The programs blocks inside a signal handler in __tz_convert() being called from localtime(). The signal handler interrupted __tz_convert() being called from localtime().
#0 0x000000fff4c47b9c in __lll_lock_wait_private () from /lib64/libc.so.6
#1 0x000000fff4bf0364 in __tz_convert () from /lib64/libc.so.6
#2 0x000000fff4bee2c0 in localtime () from /lib64/libc.so.6
...
#11 <signal handler called>
...
#13 0x000000fff4bf02a8 in __tz_convert () from /lib64/libc.so.6
#14 0x000000fff4bee2c0 in localtime () from /lib64/libc.so.6
...
#25 0x0000000010007538 in main ()
localtime() seems to not be reintrant.
A signal handler may only call a very specific set of functions.

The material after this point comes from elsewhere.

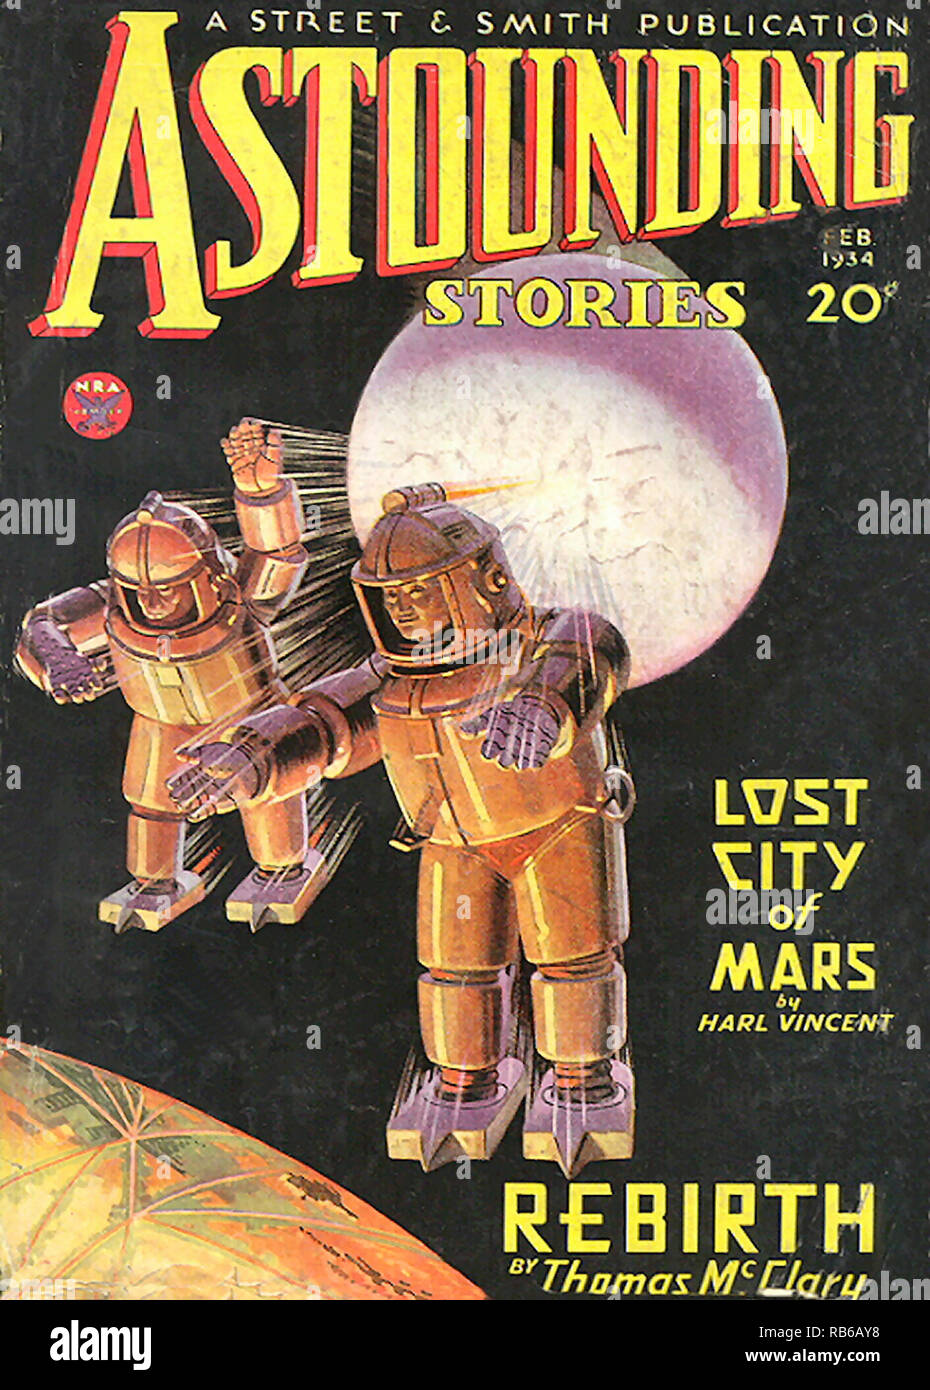 Astounding Stories # 39 February 1934 Stock Photo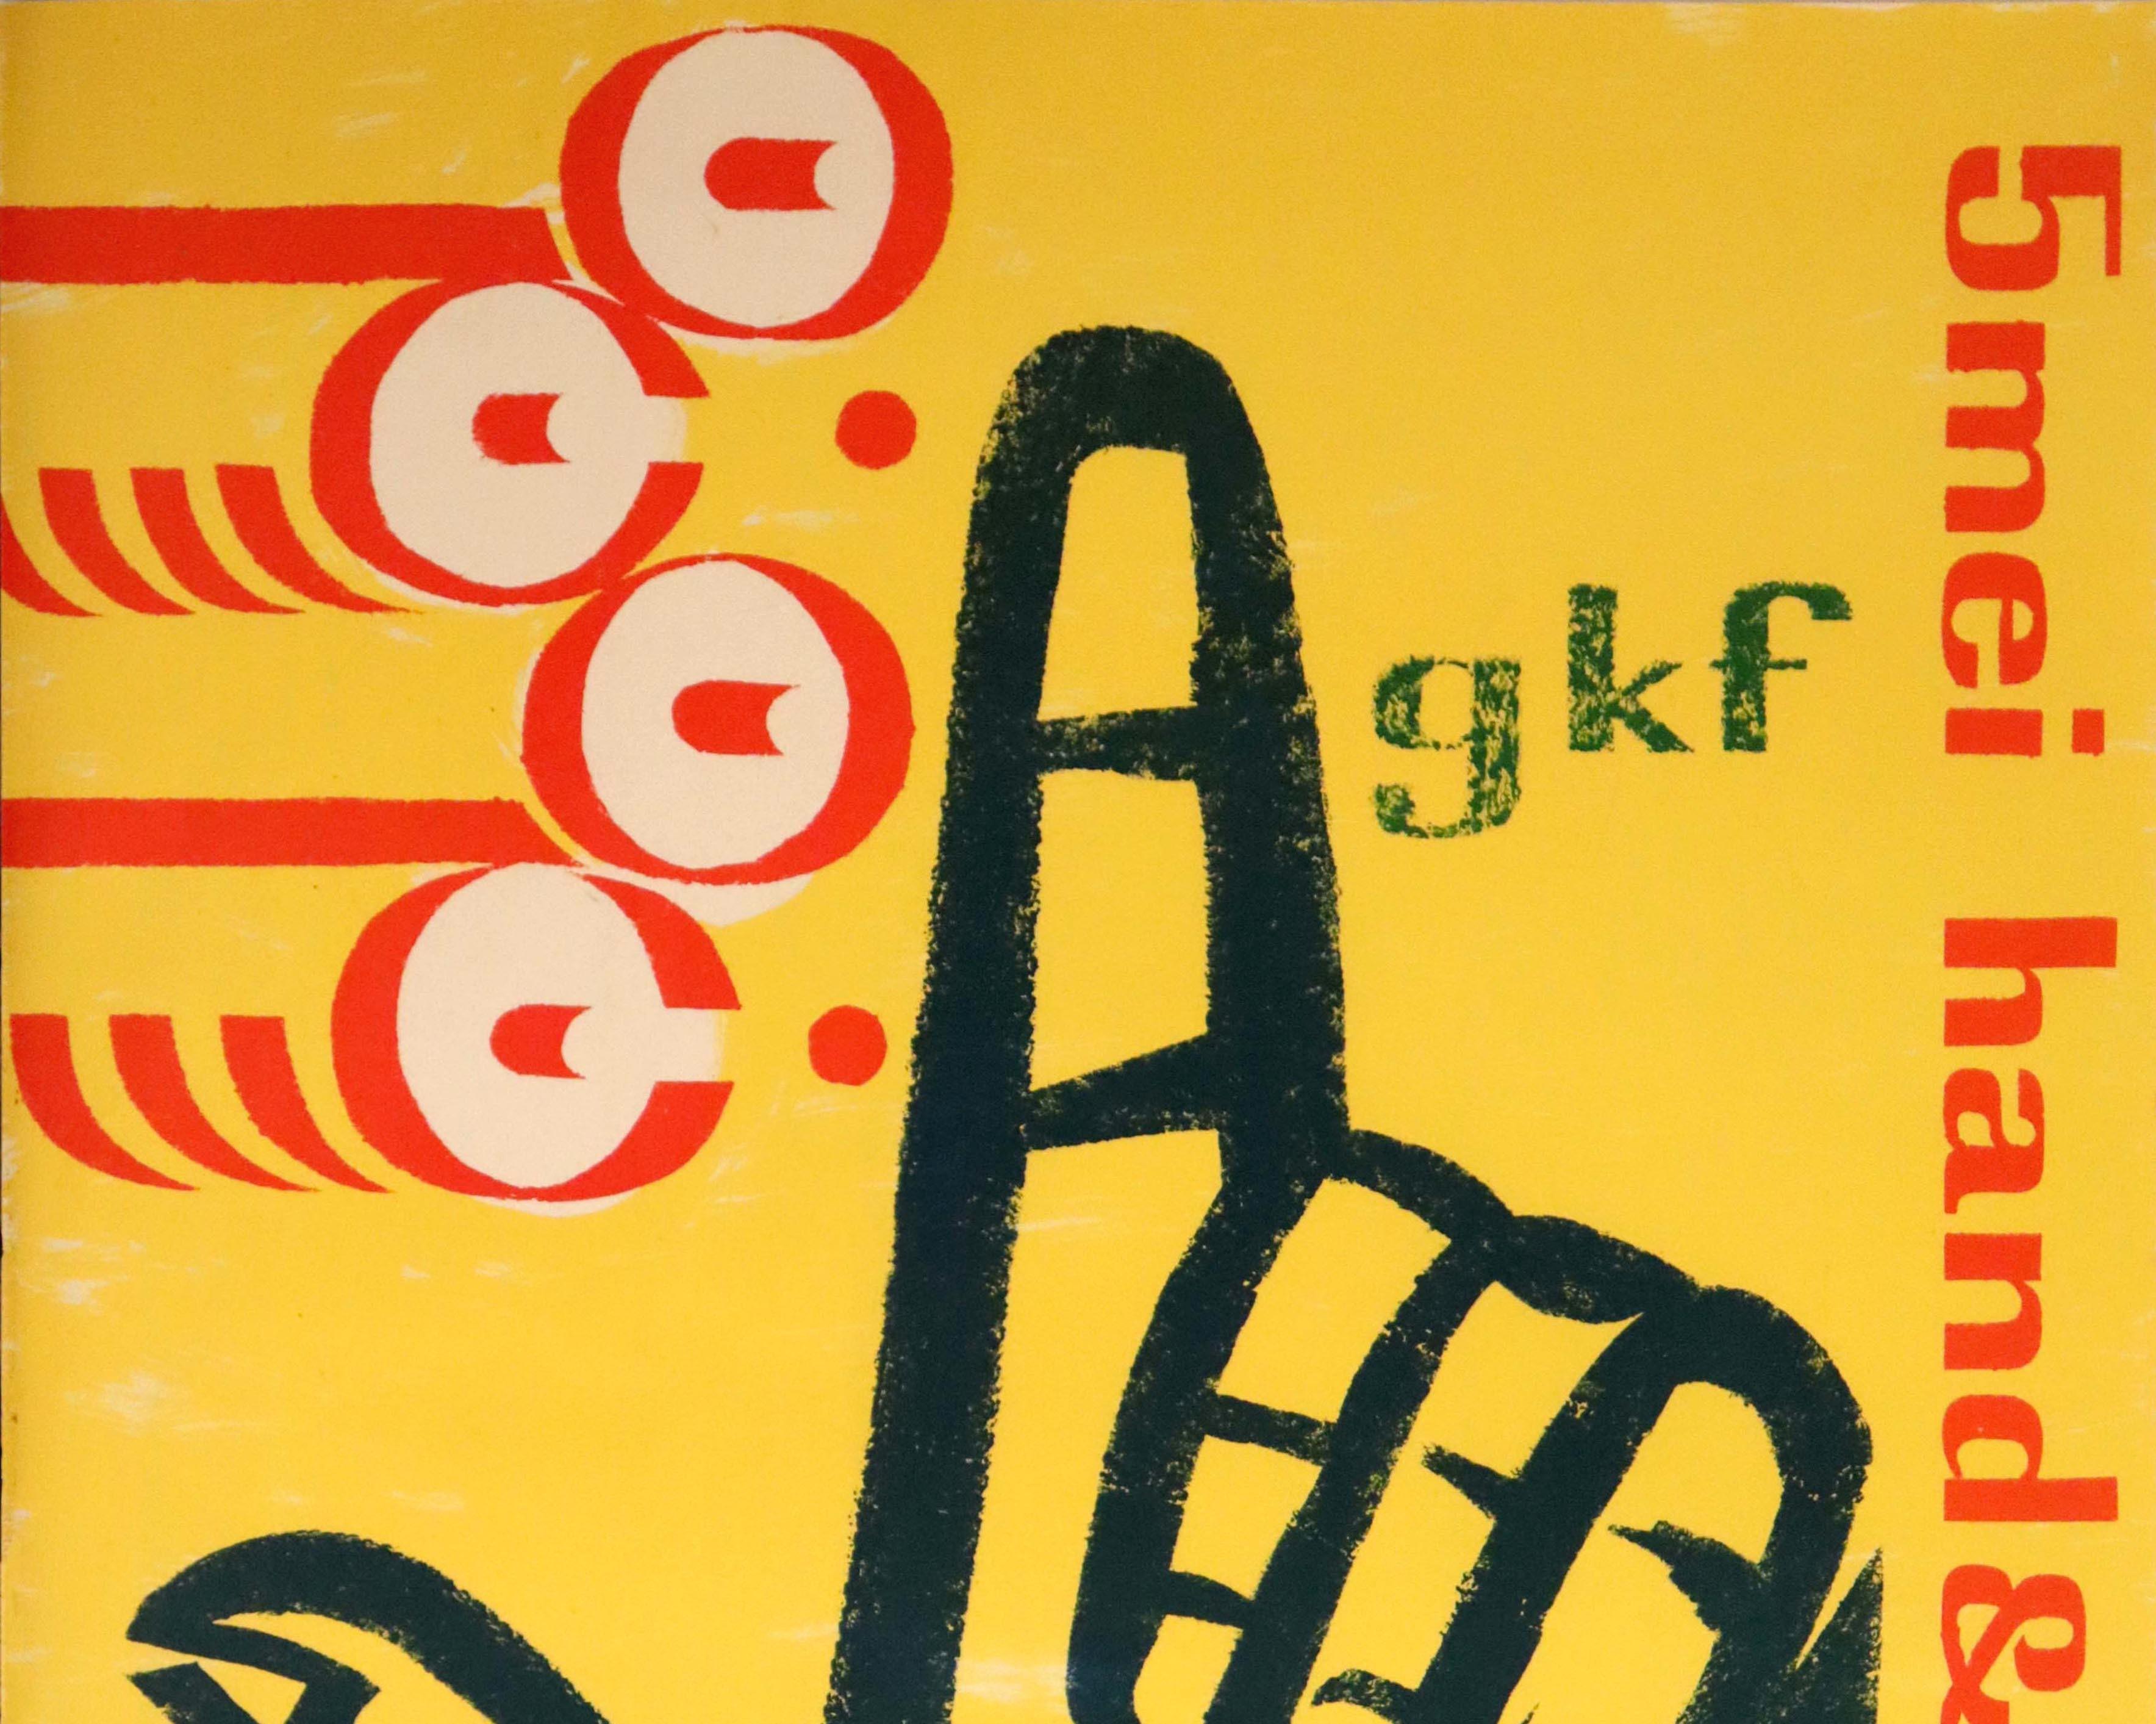 Original Vintage Poster For The GKF Exhibition Hand And Machine Stedelijk Museum - Print by Willem Sandberg

Scroll down here: https://pubs.opengroup.org/onlinepubs/9699919799/functions/V2_chap02.html#tag_15_04_03
localtime() is not within this set.
Signal handler should be short and simple.
You could set up a thread doing the formatting and logging which for example via a pipe is being fed by the signal handler with all necessary information to format and log. The functions to do so are listed within the set linked above.
#4 0x000000fff516756c in LogClass::logBegin() () from /usr/sbin/sajet/sharedobj/liblibLite.so
#16 0x000000fff516756c in LogClass::logBegin() () from /usr/sbin/sajet/sharedobj/liblibLite.so
Notice that LogClass::logBegin appears in your call stack twice?
You have two core problems.
You are calling localtime from a signal handler. That is not allowed.
You are looking at the wrong thread's stack. This thread got stuck in a deadlock caused by other threads and then was interrupted, getting stuck in the deadlock again. It's a victim of the deadlock (twice!). The perpetrator is another thread.
If you're going to log from a signal handlers, you need very tight control over all the code that runs in the signal handler and you need to pass the "heavy lifting" off to another thread that can safely call non-reentrant functions.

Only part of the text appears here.